Les nouveaux repreneurs entendent relancer les activités sur les sites de Lubumbashi et de Kolwezi, tout en redynamisant le projet de Mutoshi. Une phase de maintenance est prévue pour stabiliser les installations, tandis que les emplois existants sont maintenus, signal d’une volonté d’assurer une transition sans rupture sociale.

Au-delà de ses implications industrielles, cette reprise s’inscrit dans un contexte géopolitique plus large. Les États-Unis, engagés dans une stratégie de sécurisation des approvisionnements en minerais critiques, cherchent à renforcer leur présence dans un pays où la Chine conserve une position dominante, notamment dans le cobalt. L’arrivée d’un partenaire indien traduit également une diversification accrue des acteurs, confirmant le statut de la RDC comme théâtre d’une compétition internationale autour des ressources stratégiques.

Pour Kinshasa, cette reconfiguration du paysage minier représente une opportunité à saisir. La concurrence entre investisseurs étrangers pourrait, en théorie, accroître la capacité de négociation de l’État. Encore faut-il que cette dynamique se traduise par des retombées tangibles, notamment en matière de transformation locale, d’industrialisation, de transfert de compétences et de création de valeur ajoutée.

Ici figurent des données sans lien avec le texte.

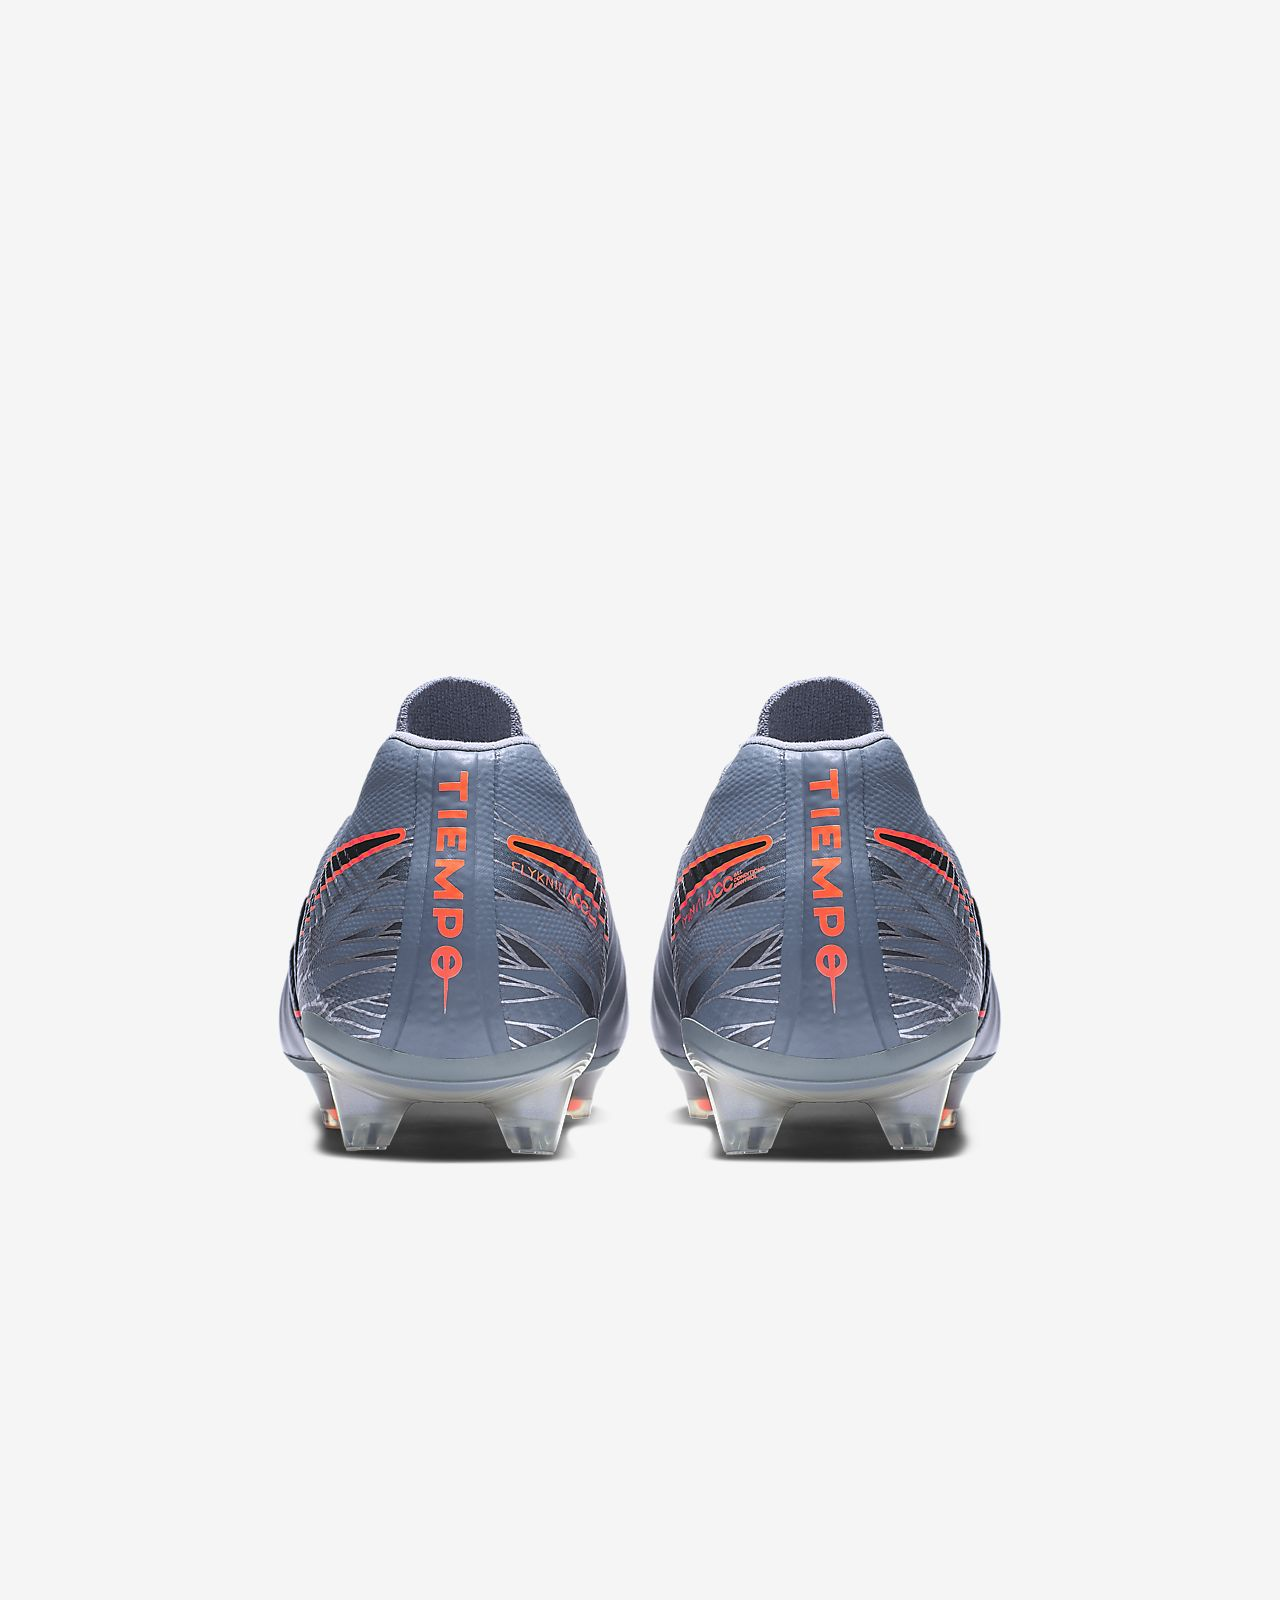 7f0aaad50da2 Nike Tiempo Legend 7 Elite FG Firm-Ground Soccer Cleat. Nike.com

Des zones d’ombre subsistent toutefois. Le profil du partenaire américain, le poids de la dette reprise et la complexité technique des actifs interrogent sur la capacité réelle du consortium à mener à bien ce redressement. Dans un environnement opérationnel exigeant, la réussite du projet dépendra largement de l’exécution. Plus qu’une simple relance industrielle, le dossier Chemaf apparaît ainsi comme un test grandeur nature, celui de la capacité de la RDC à transformer les rivalités internationales en levier de développement durable et de souveraineté économique.